Put yourself in the mind of the opposing hurler! Would you rather pitch to Schwarber or Bryce Harper? And if you give Schwarber tosses to mash, he will, but Harper with Schwarber on base is a bigger threat. Ergo, he launched bombs with Juan Soto behind him, so Schwarber isn’t an unrealistic choice. 

For now, Schwarber’s price range is $16-20 million for three seasons, and the POB was pushing hard to ink him prior to the lockout. However, Schwarber probably felt he could receive a higher proposal. But front offices for his market aren’t yet willing to commit more than the Phillies and may not after the lockout either.                     

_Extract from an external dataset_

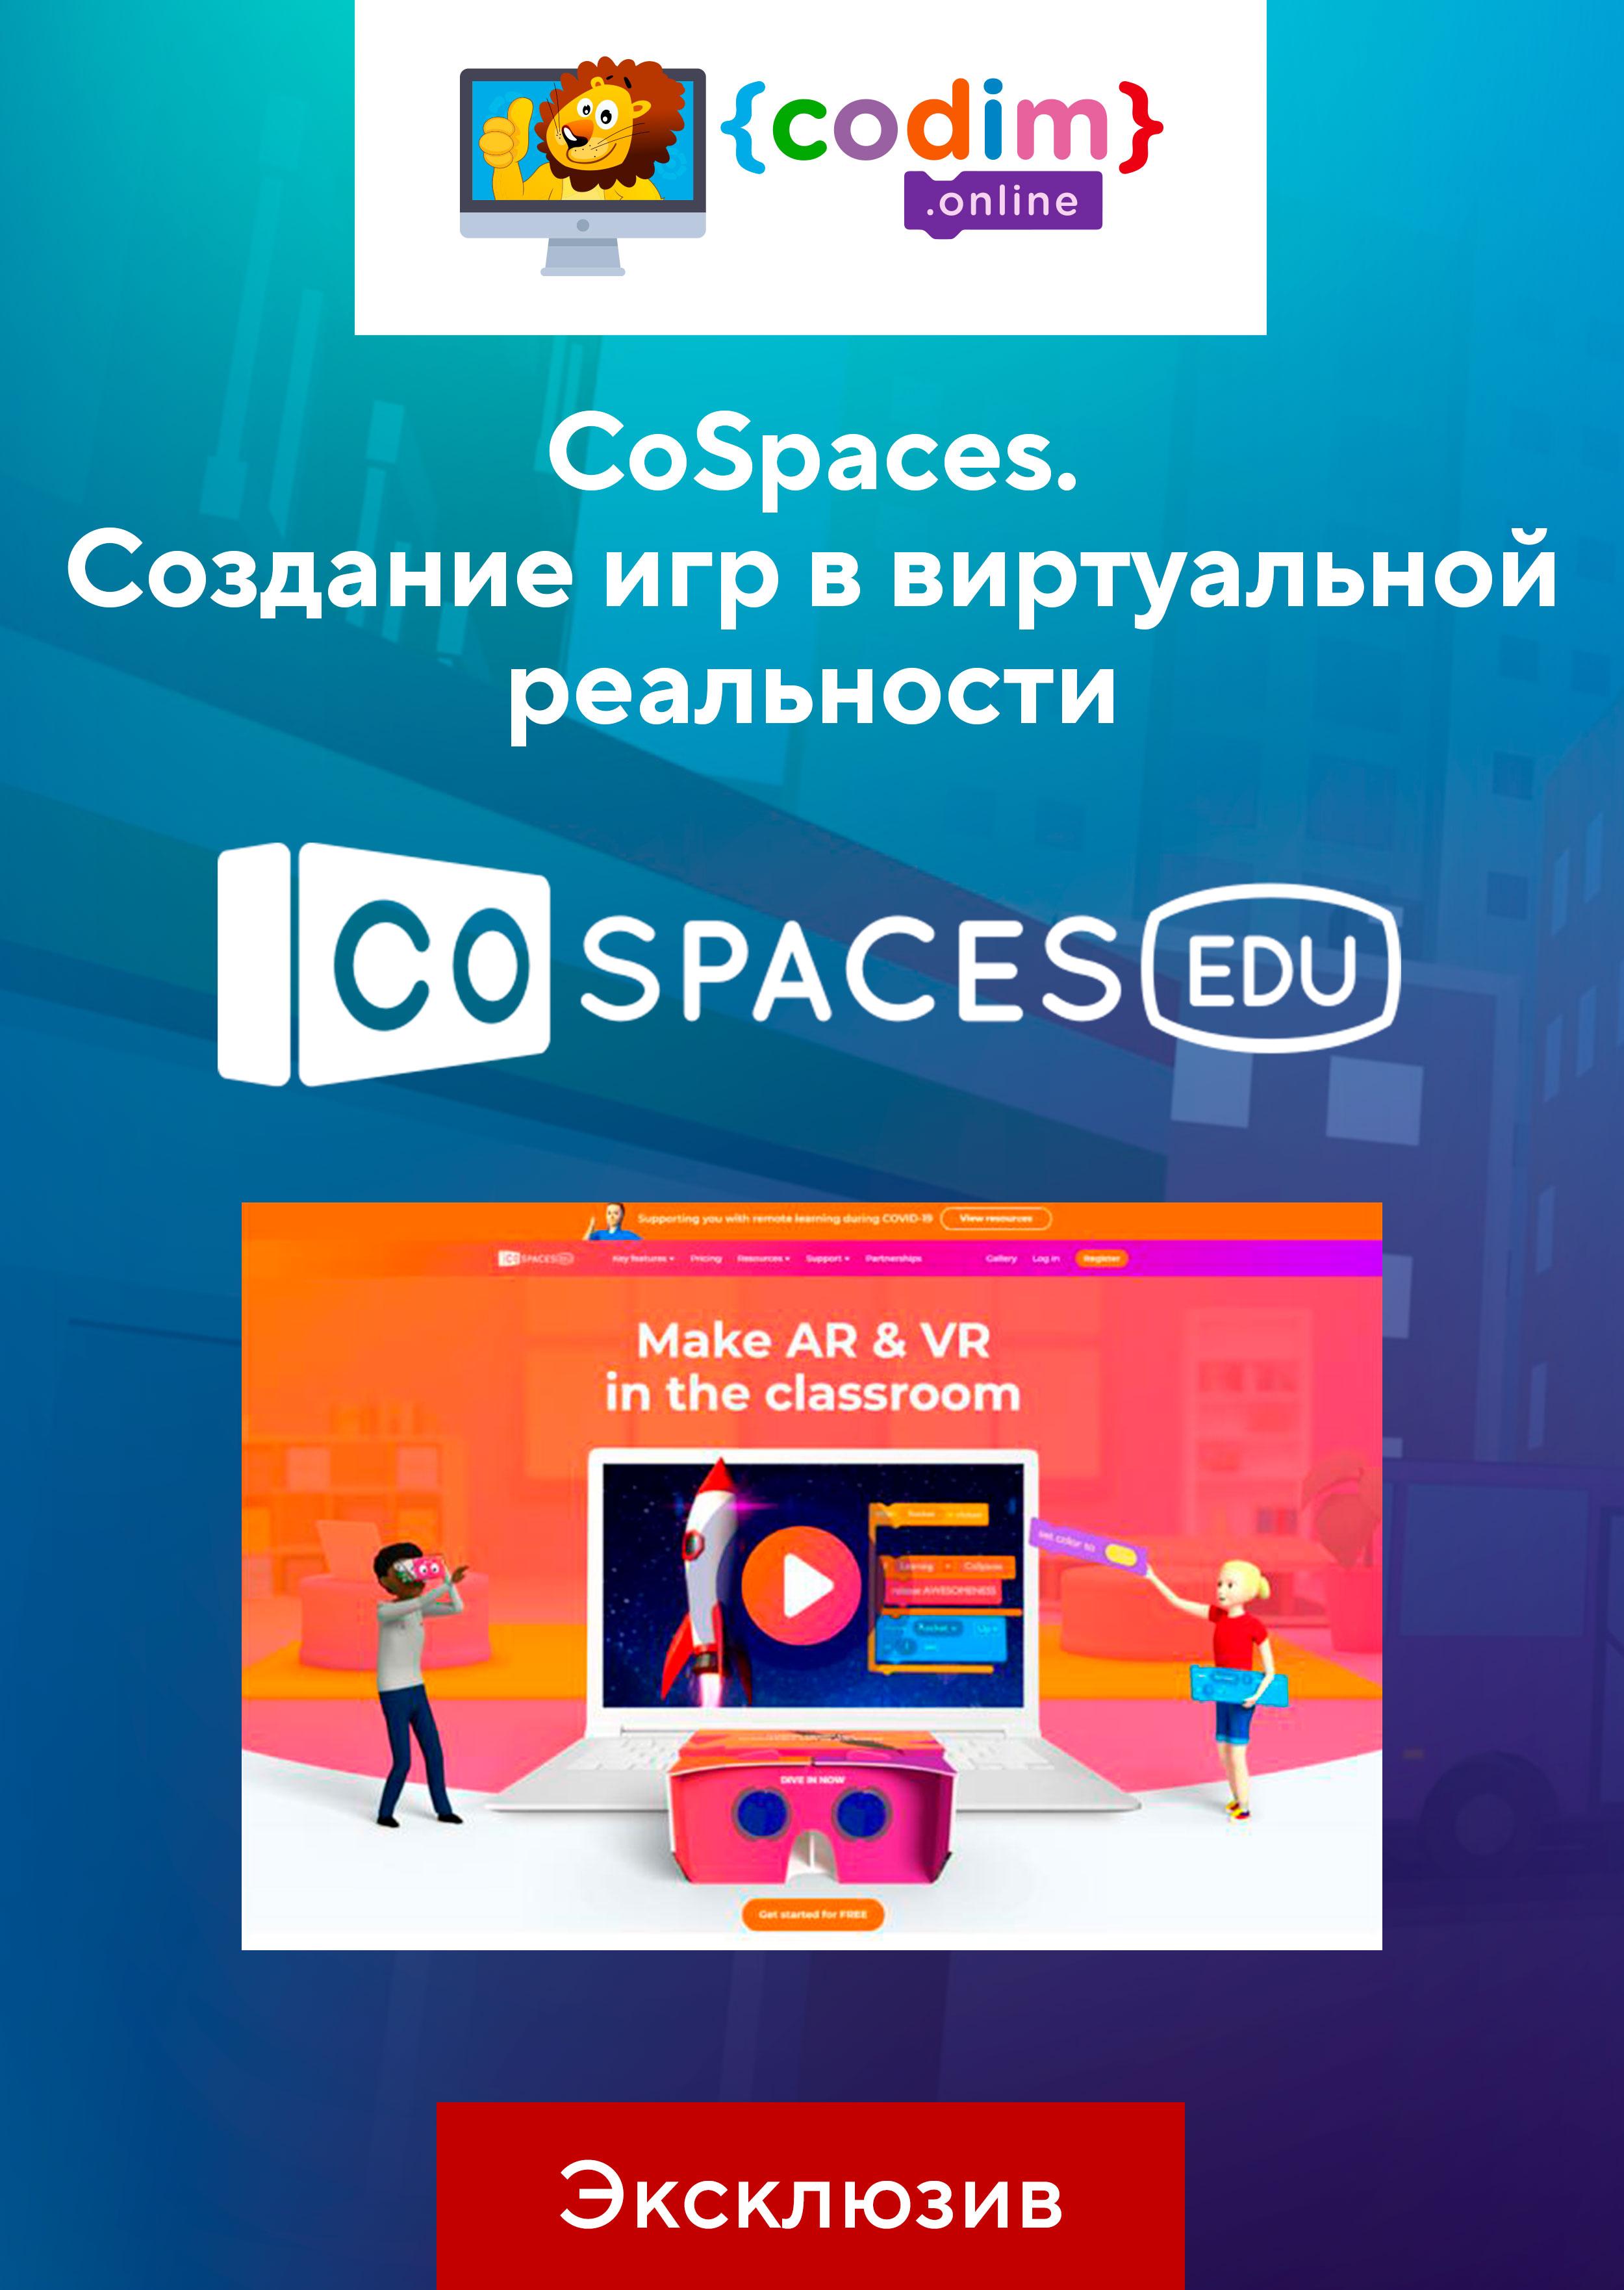 CoSpaces. Создание игр в виртуальной реальности

With the midpoint being $18 million annually, Dombrowski most likely prefers that amount, while Schwarber’s agent wants the asking price of $20 million for each 162. But the figure will depend on the competition and the new CBT, plus the red pinstripes believe they will have the leverage to negotiate.  

Until Opening Day, a deal for Kevin Kiermaier will be another reason to question management unless it succeeds. But one bad month will sour some locals on him because they already prefer someone else. Translation: Fans demand more regardless. However, the top trade possibilities probably won’t be on new teams.        

If the Tampa Bay Rays’ swap doesn’t work, the Phillies may turn to less expensive options: Raimel Tapia, Randal Grichuk, Brett Gardner, Manuel Margot, Kevin Pillar, Danny Santana, Jarrod Dyson, Ramón Laureano, Víctor Robles and Max Kepler. And some aren’t better than in-house outfielders. Yes, not better!        

With two-years control, Keirmier, who averaged .259 in 2021, isn’t the top-shelf hitter the faithful prefer; but he would bat at the bottom of the lineup. And his $8.9 million AAV along with $18 million AAV for Schwarber would provide the Fightins with a leadoff hitter and a strong center field defender.  

So, $26.9 million AAV would put the red pinstripes $900 thousand AAV over the threshold with the ability to spend $4 million AAV for any March bargains. But some believe Kiermaier is injury-prone because he plays all out, although center field is a must defensive position for contenders.           

From the Rays’ point of view, they want the Phils to take Kiermaier’s entire pact and receive a prospect with possibilities. But Dombrowski might prefer to absorb half of his salary with decent talent headed to Tampa Bay. Yes, dealing with the Rays is certainly a tug-of-war. 

The middle ground is a Phillies top 20-30 organizational player with Tampa Bay eating half of Kiermaier’s contract. Unfortunately, this will be a battle for every single inch, and this is where experience negotiating will make a huge difference. But the worst part is some fans will quickly reject this trade if it happens.

Normally, a thumbs-down requires no research, effort or time: less than a minute. And it’s why articles with pie-in-the-sky predictions offer only temporary hope. However, variables (injuries, the pandemic, attendance and luck) mean three NL East rivals have a shot. Did everybody, realistically, predict the Atlanta Braves last April?